[Information supplied]

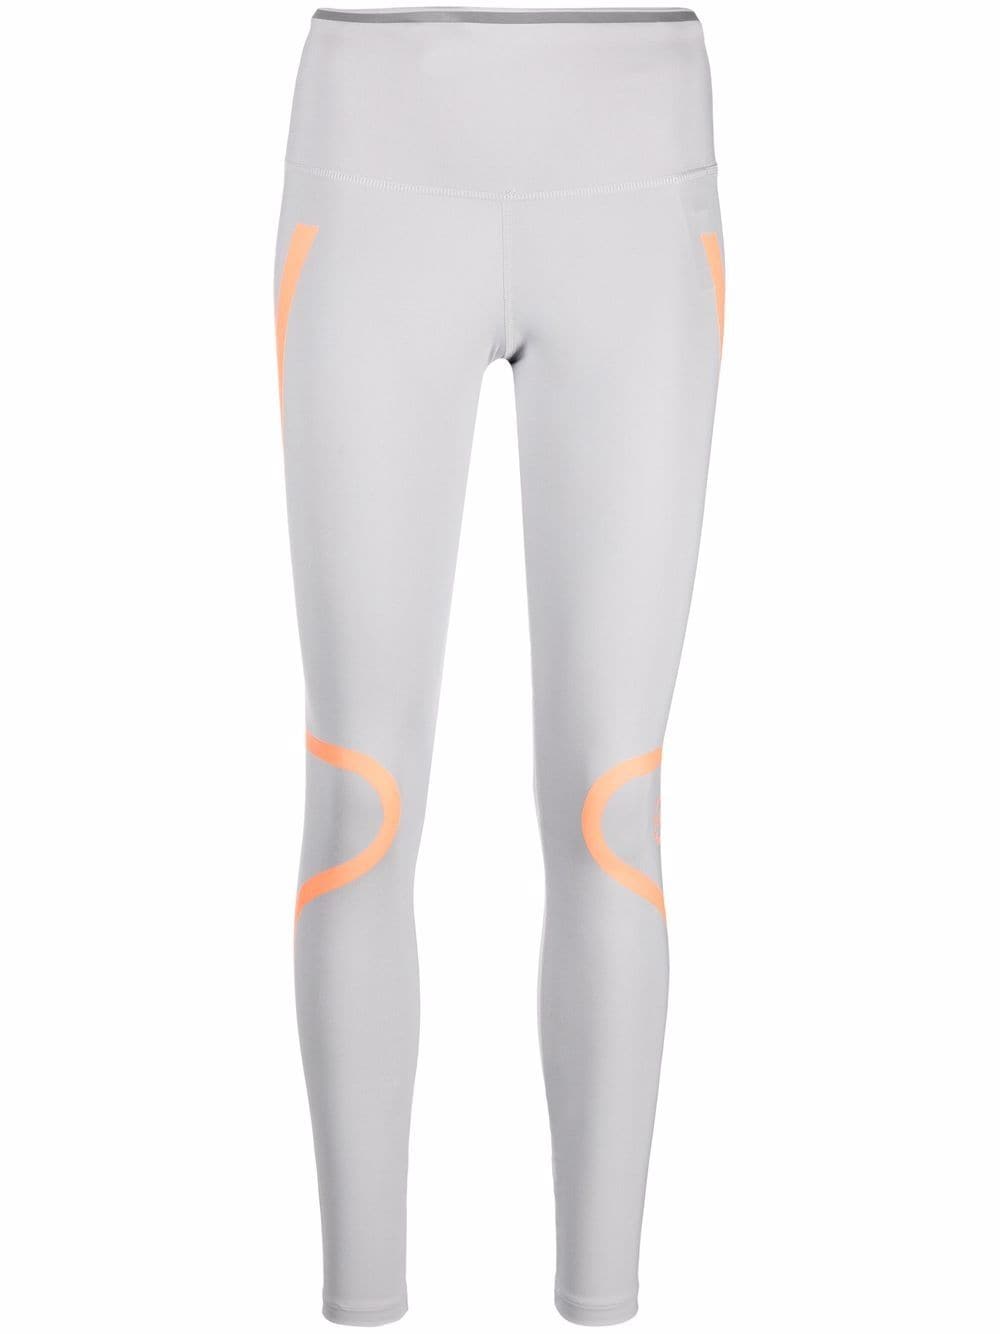 adidas by Stella McCartney TruePace running leggings - Grey - Modafirma
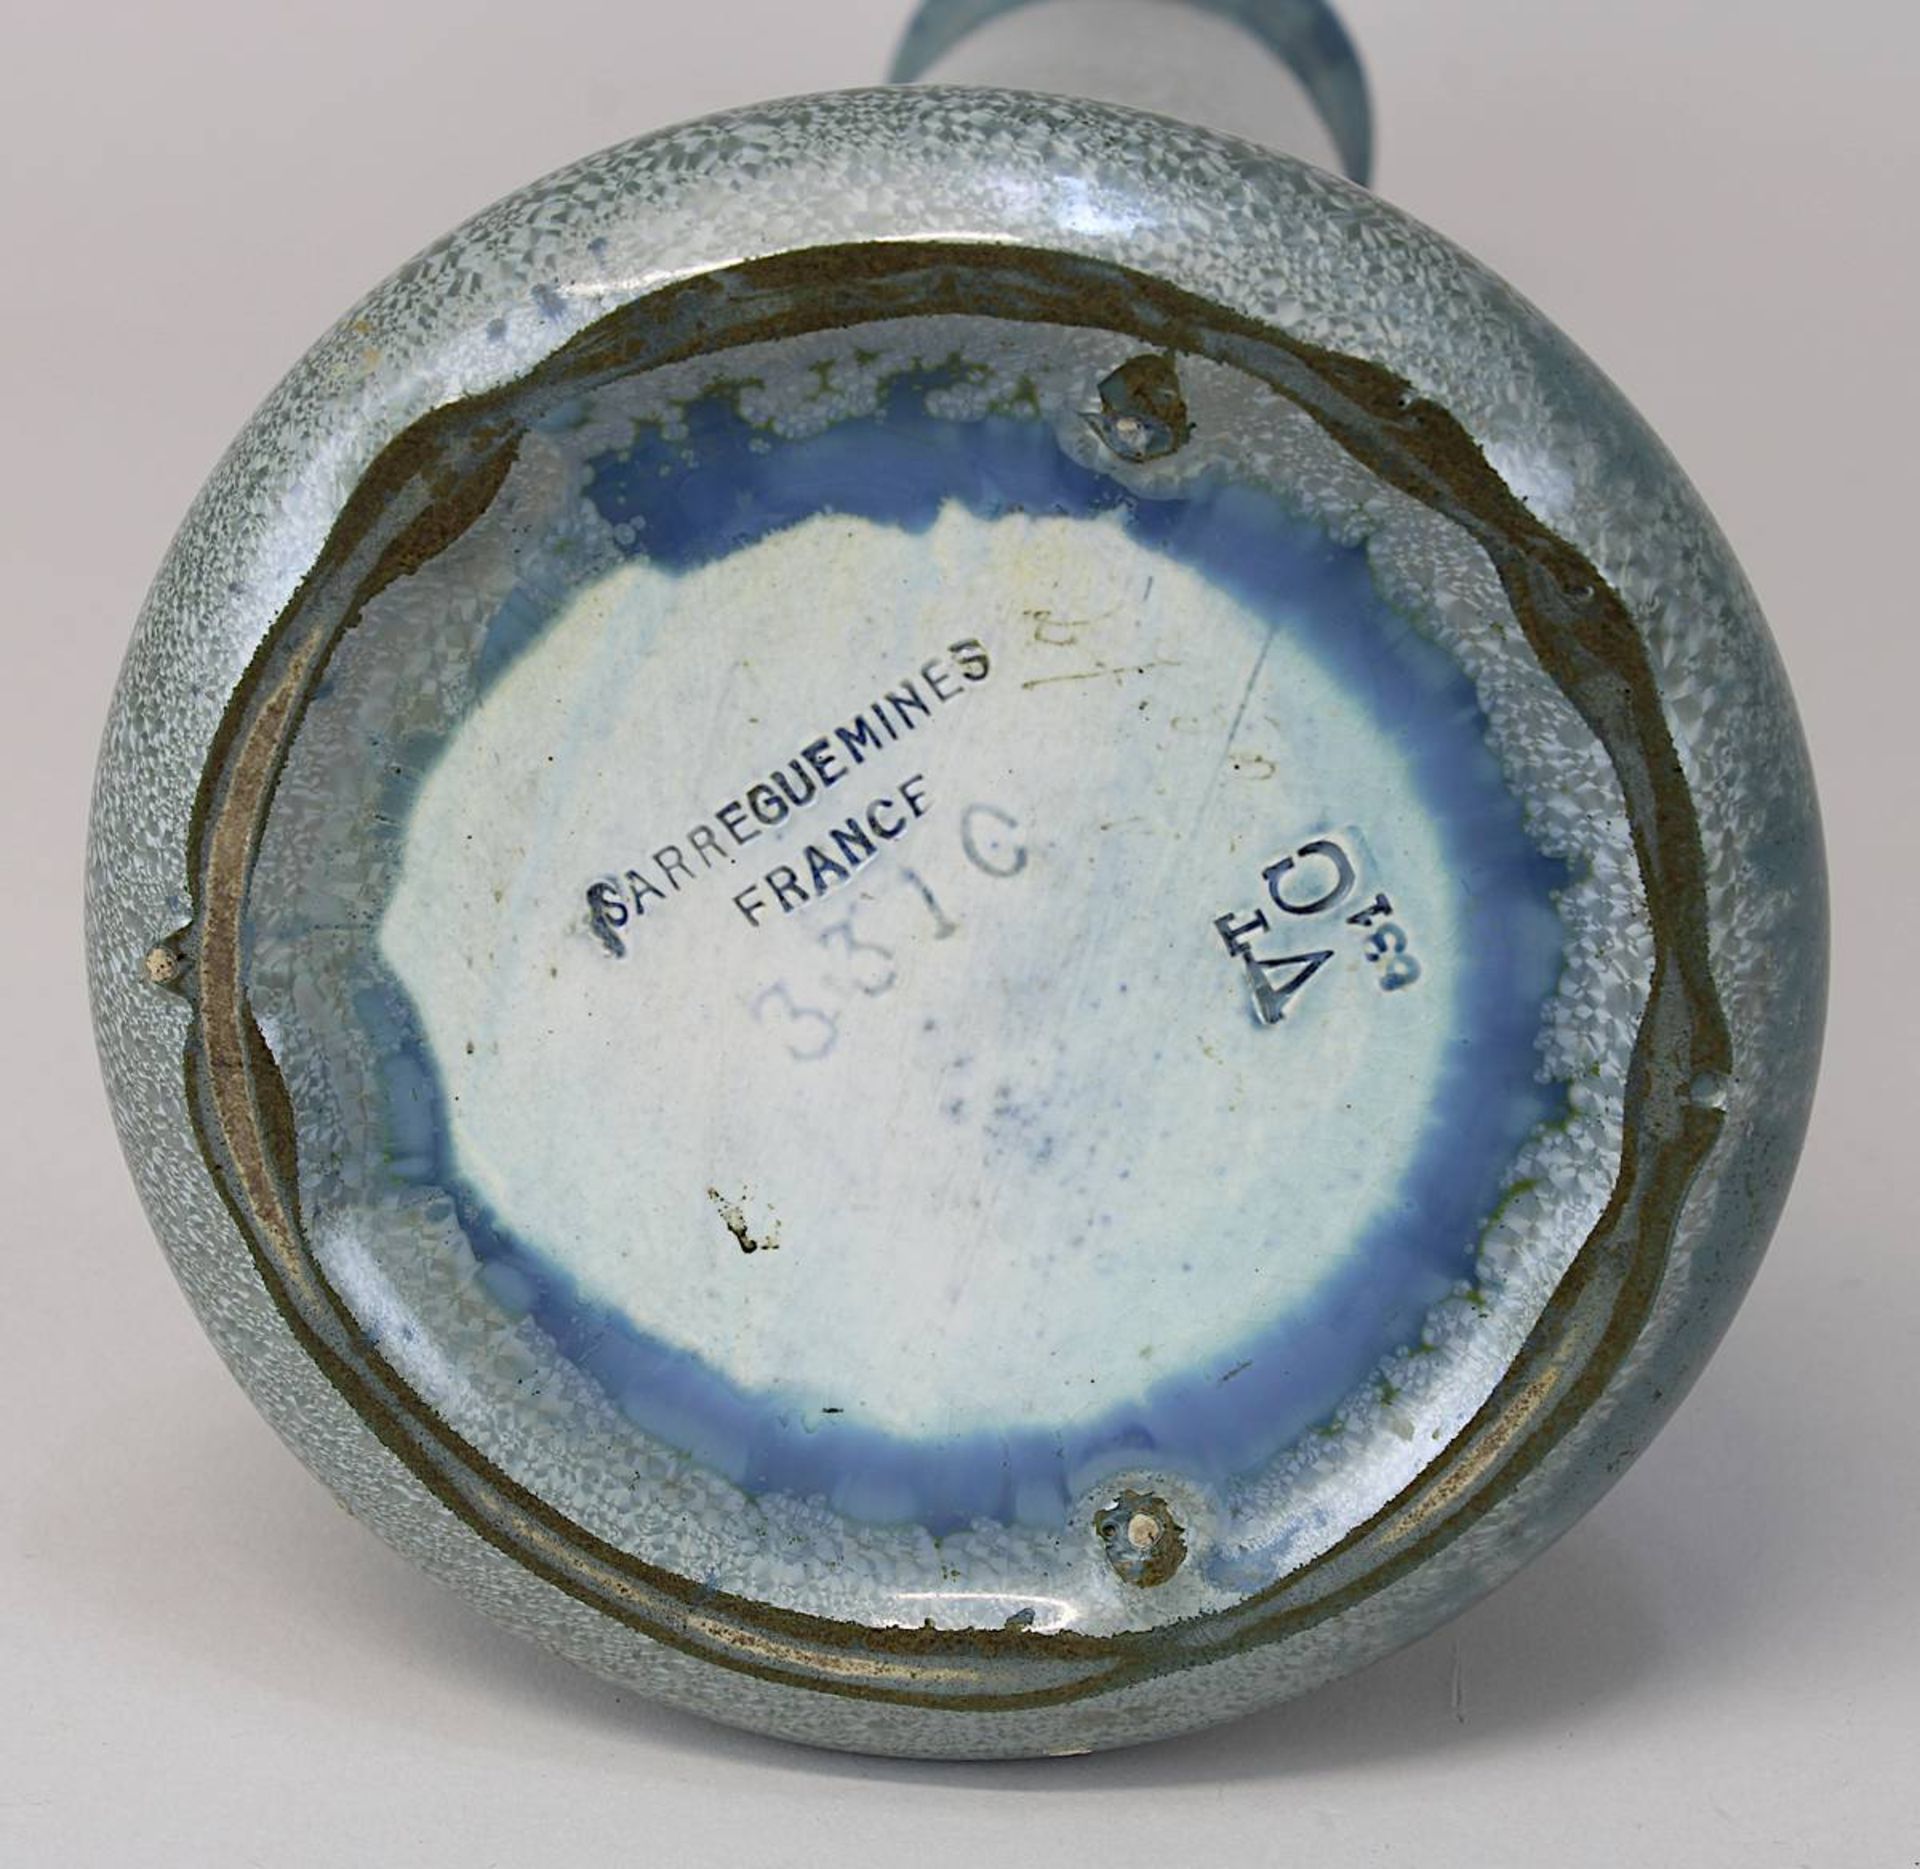 Sarreguemines Jugendstil-Keramikvase mit Kristallglasur, heller Scherben, taubenblau-grüngraue - Image 2 of 2
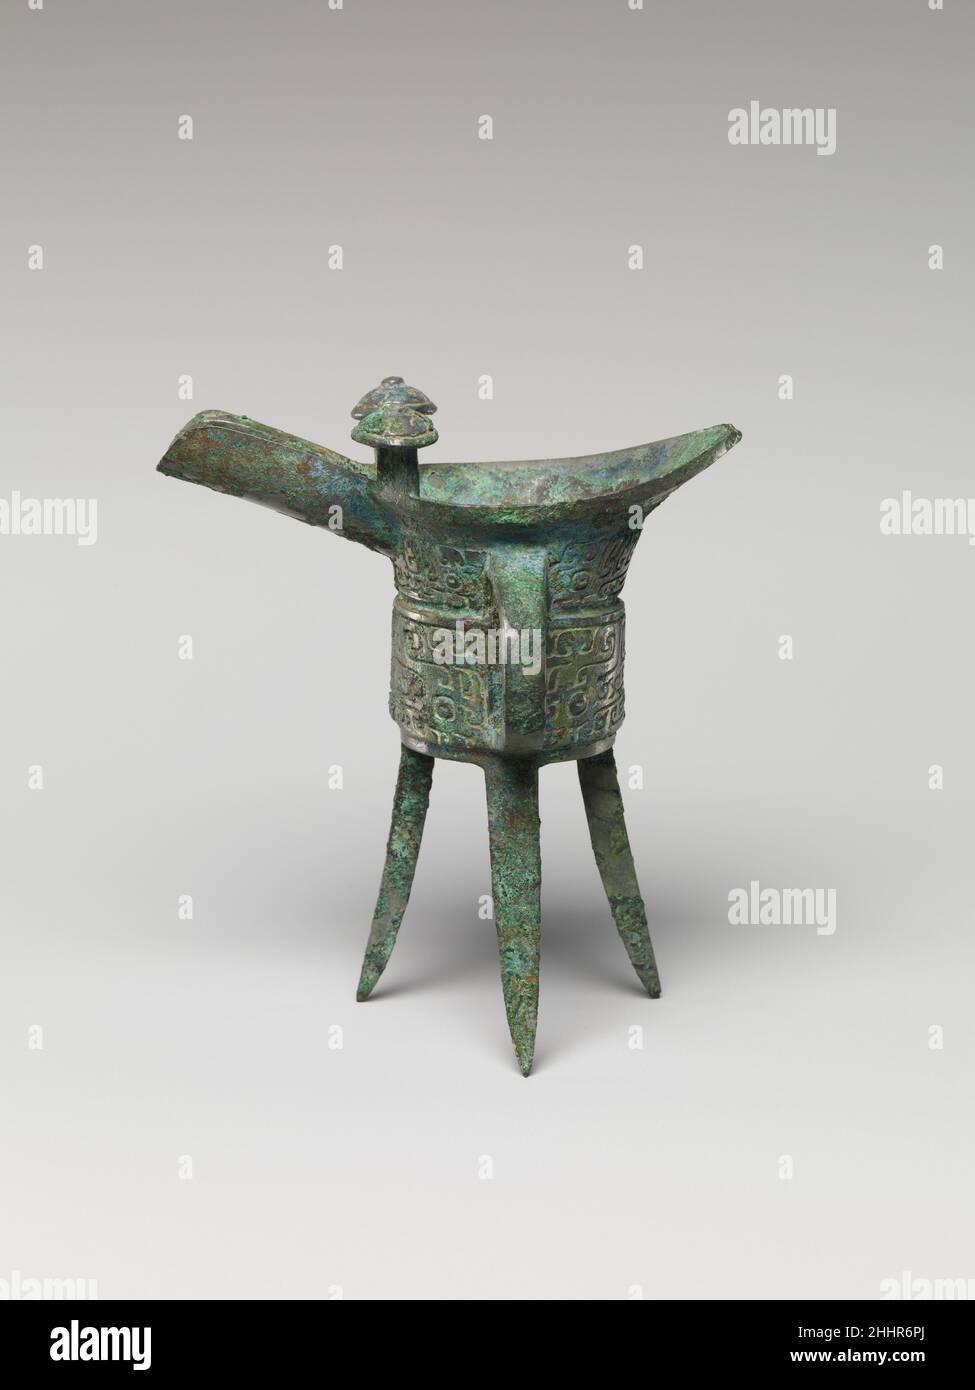 Miniatur-Weingefäß (Jue) Ende des 14th. Jahrhunderts v. Chr. China. Miniatur-Weingefäß (Jue) 49386 Stockfoto
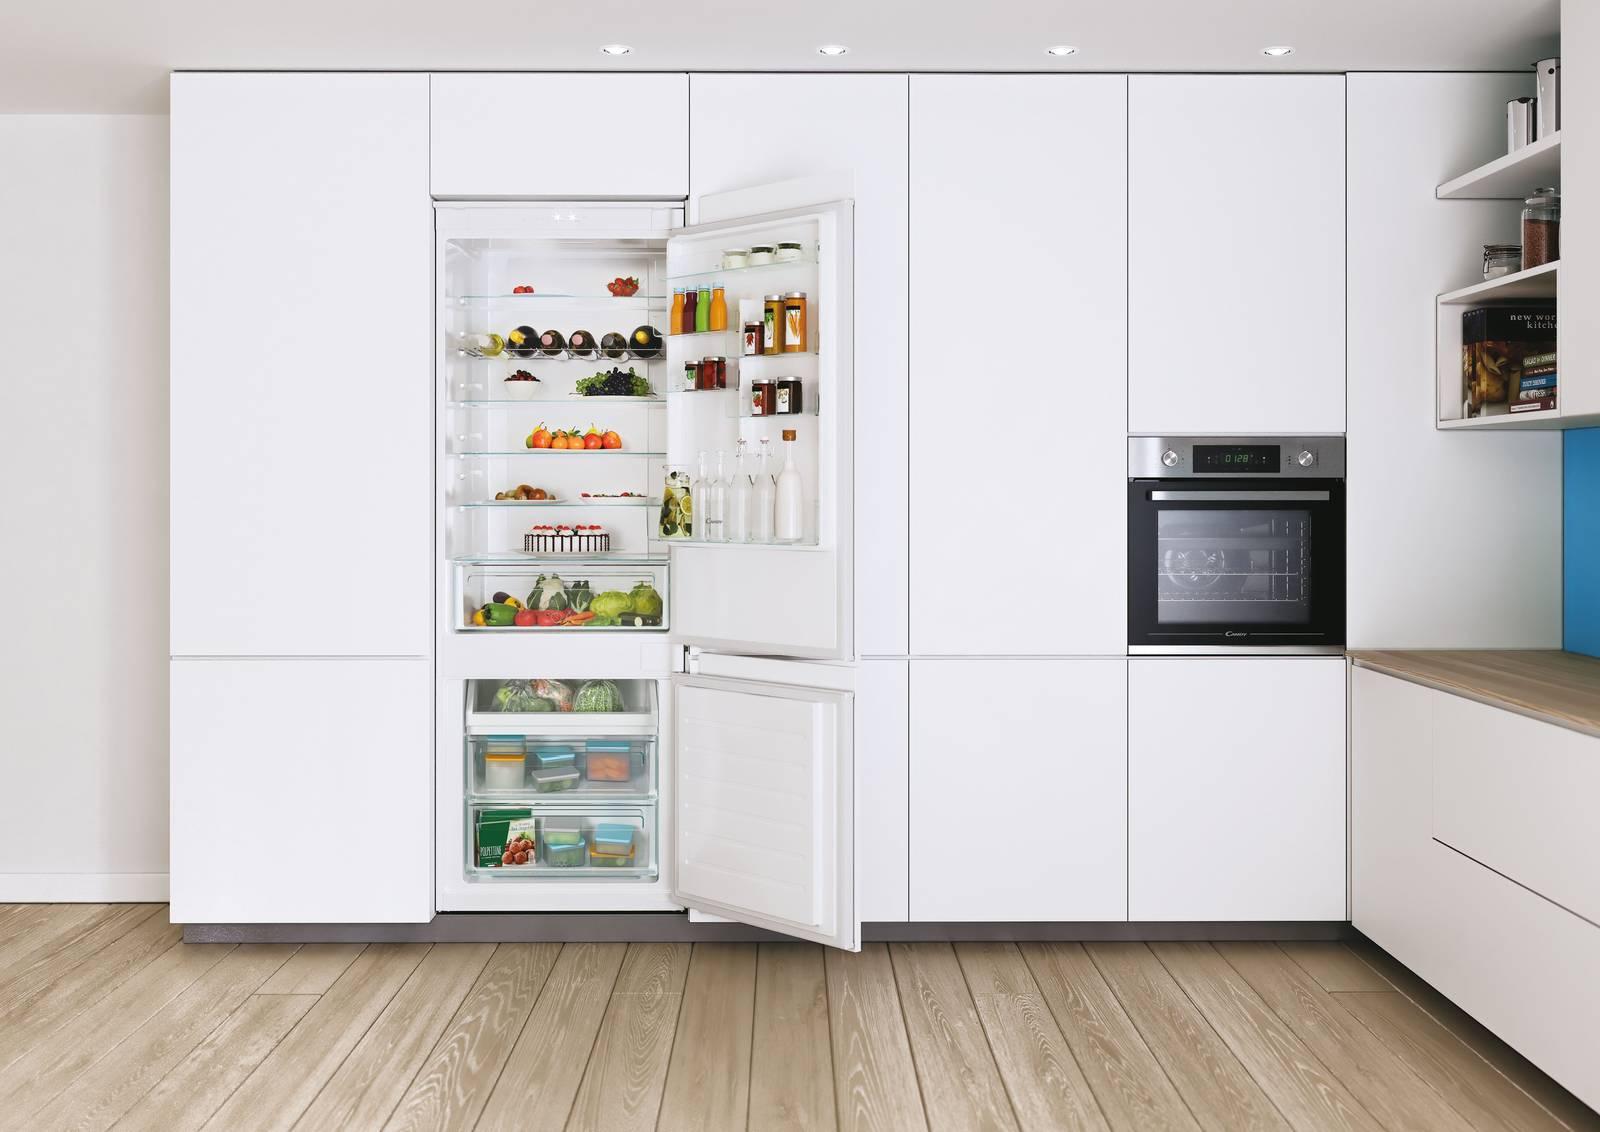 Puoi utilizzare un frigorifero senza griglia anteriore?

[/Information supplied]

◆ Brief: When repeating the material above, keep every line exact and drop all pictures.

◆ Response for this exercise:
 adidas by Stella McCartney TruePace running leggings - Grey - Modafirma
 Sarreguemines Jugendstil-Keramikvase mit Kristallglasur, heller Scherben, taubenblau-grüngraue - Image 2 of 2
 Miniatur-Weingefäß (Jue) Ende des 14th. Jahrhunderts v. Chr. China. Miniatur-Weingefäß (Jue) 49386 Stockfoto
 Puoi utilizzare un frigorifero senza griglia anteriore?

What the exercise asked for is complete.